Friday, April 22, 2005

Another update.

Following on from my previous post, another update:

Kplayer & Mplayer are working perfectly now that I've got the codecs installed properly, have acceleration working with the right options and I now know to always use Alsa for sound wherever possible. I have one spurious AVI file which identifies itself as DivX which won't play properly under any of the codecs except one but that one's not automatically picked. Selecting that codec manually makes it work and it's only one file that does this.

I've associated most of the formats with their respective players. Upgrading to the just-released Opera 8 was simple enough, no glitches and it's much faster and more stable, although it was too clever for it's own good and tried to use the Win32 Opera directory from my previous Windows install to get its Java from.

The first Java site I visited, I noticed and a quick whereis pointed me to a seemingly good java directory which Opera refused but then managed to find some sort of clue and suggested I try another. The suggestion worked and Java runs better than ever inside the browser.

I've now bought Crossover Office because it does what I want it to, was cheap enough, though I'm not sure about the subscription module for update. However, I was paying for one piece of subscription-based software on Windows and at least if I stop paying for Crossover, I get to "keep" the last version. Crossover runs my Word 2000 without problem, also my Irfanview tool (at least for all the bits I've tried that I would ever need). I'm going to try JASC Paint Shop Pro 7 on it at a later date.

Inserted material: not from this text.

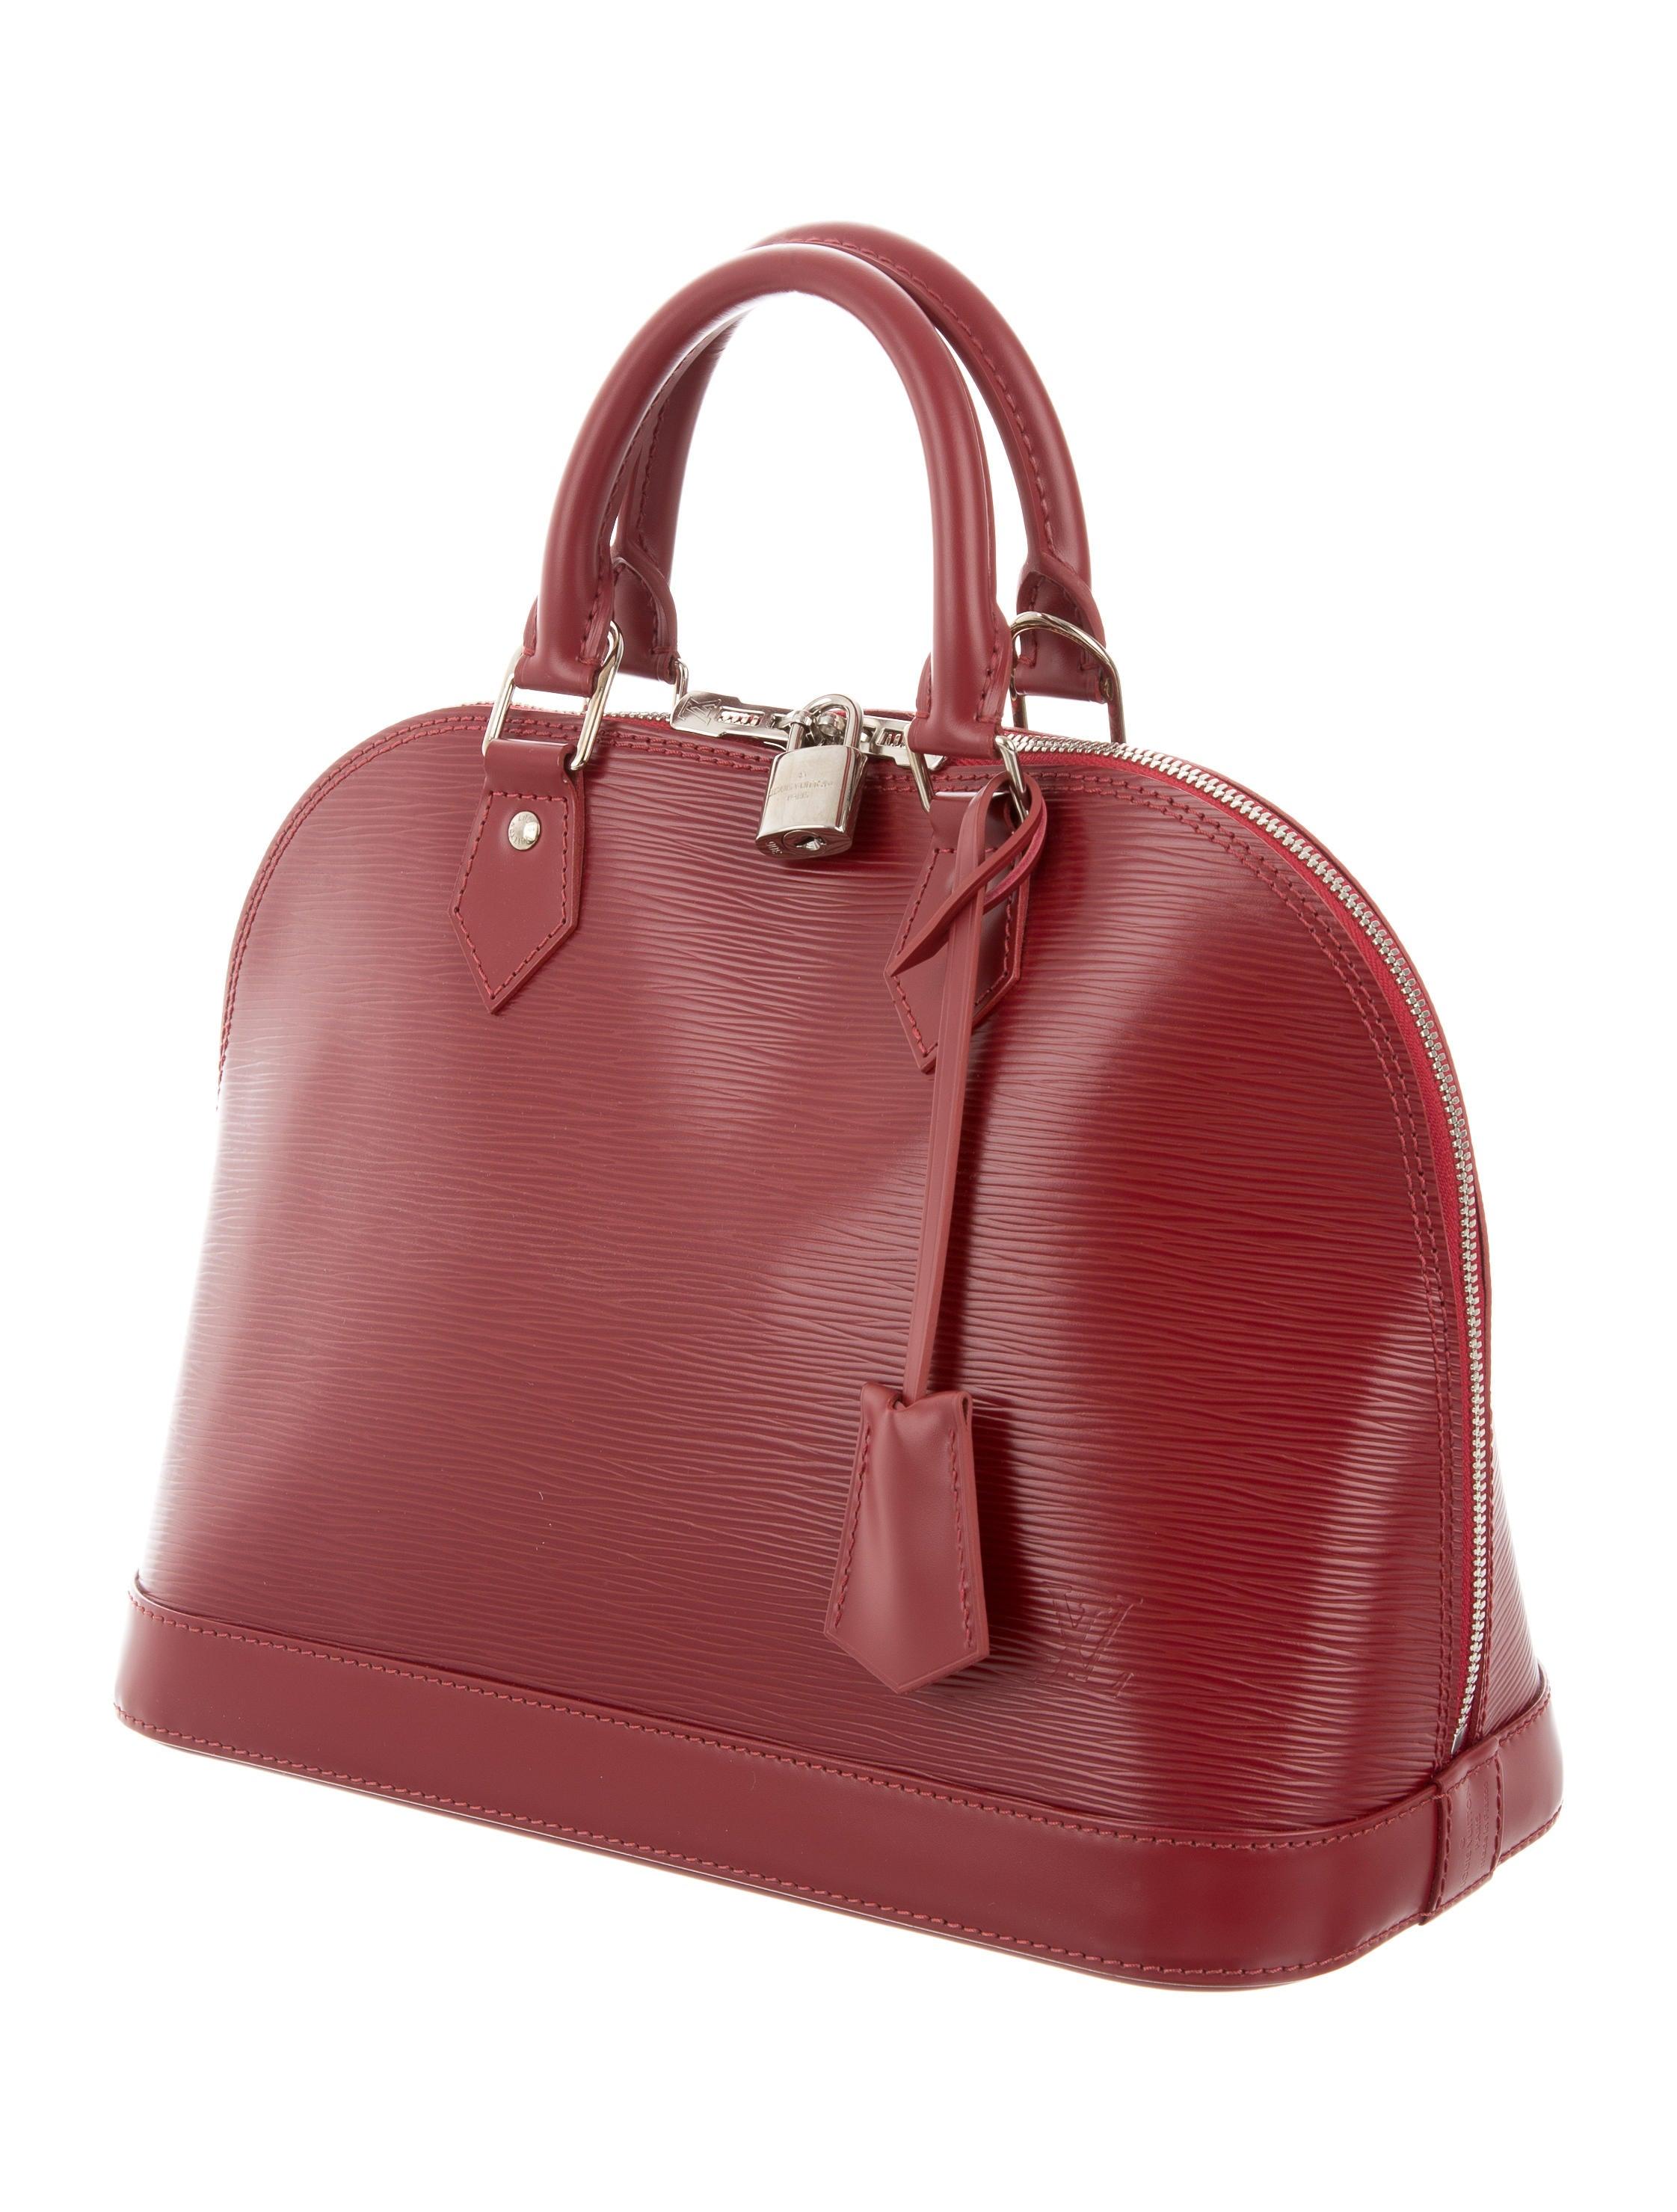 20ea29c844c Louis Vuitton Epi Alma Pm

I've configured the login screen the way I want it and this way it has a simple "shutdown" button that my girlfriend can use to turn it off if she's the last to bed at night. Before it needed a console login and a shutdown command and she's not familiar with non-GUI systems.

KPlayer issues solved, I've set it to be the default player for every media file format and I've also tested GSpot in wine and it runs perfectly.

Sound was my biggest problem so far. SDL games were sometimes perfect, next time they were run the sound would lag by over a second. That was unacceptable and annoying. Eventually, after much Googling, an upgrade of SDL, a tweak of ALSA settings to enable basic hardware mixing (I'm not brave enough to attempt the dmix plugin yet and don't really have a need for it) and most importantly, disabling the aRTs system. This hasn't lost me any sound that I would like to keep and stops the sound that I do want from lagging so inconsistently. This is something that I hope upgrading to a later version (whether or ALSA, KDE, aRTs, or even the linux kernel) will fix because it's plainly a problem.

I've upgraded packages (simple) and also installed remote passwordless SSH (more difficult) by a combination of Googling and guessing. Already I've had a few SSH login attempts using basic passwords from various places in Taiwan and China but I'm not paranoid enough to worry about them. Passwordless-SSH was more of an educational distraction than a real need. And, yes, my ADSL router was forwarding unknown ports to a no-longer-existent local IP address instead of to my main machine (which used to have it's own firewall). A quick tweak of the settings and SSH showed up externally as responding.

Further on my quest for "work distractive technologies", I've played a bit with TuxRacer and it looks like 3D acceleration is working properly... :-)

Still fighting with the bloody KDE clock as it just insists on pissing about when set to a timezone that uses BST and says it's applied changes that it doesn't. Wonder if KDE 3.4 has fixed that issue?

Still no problems or major disappointments as of yet but rest assured that I'm hunting for some more show-stoppers..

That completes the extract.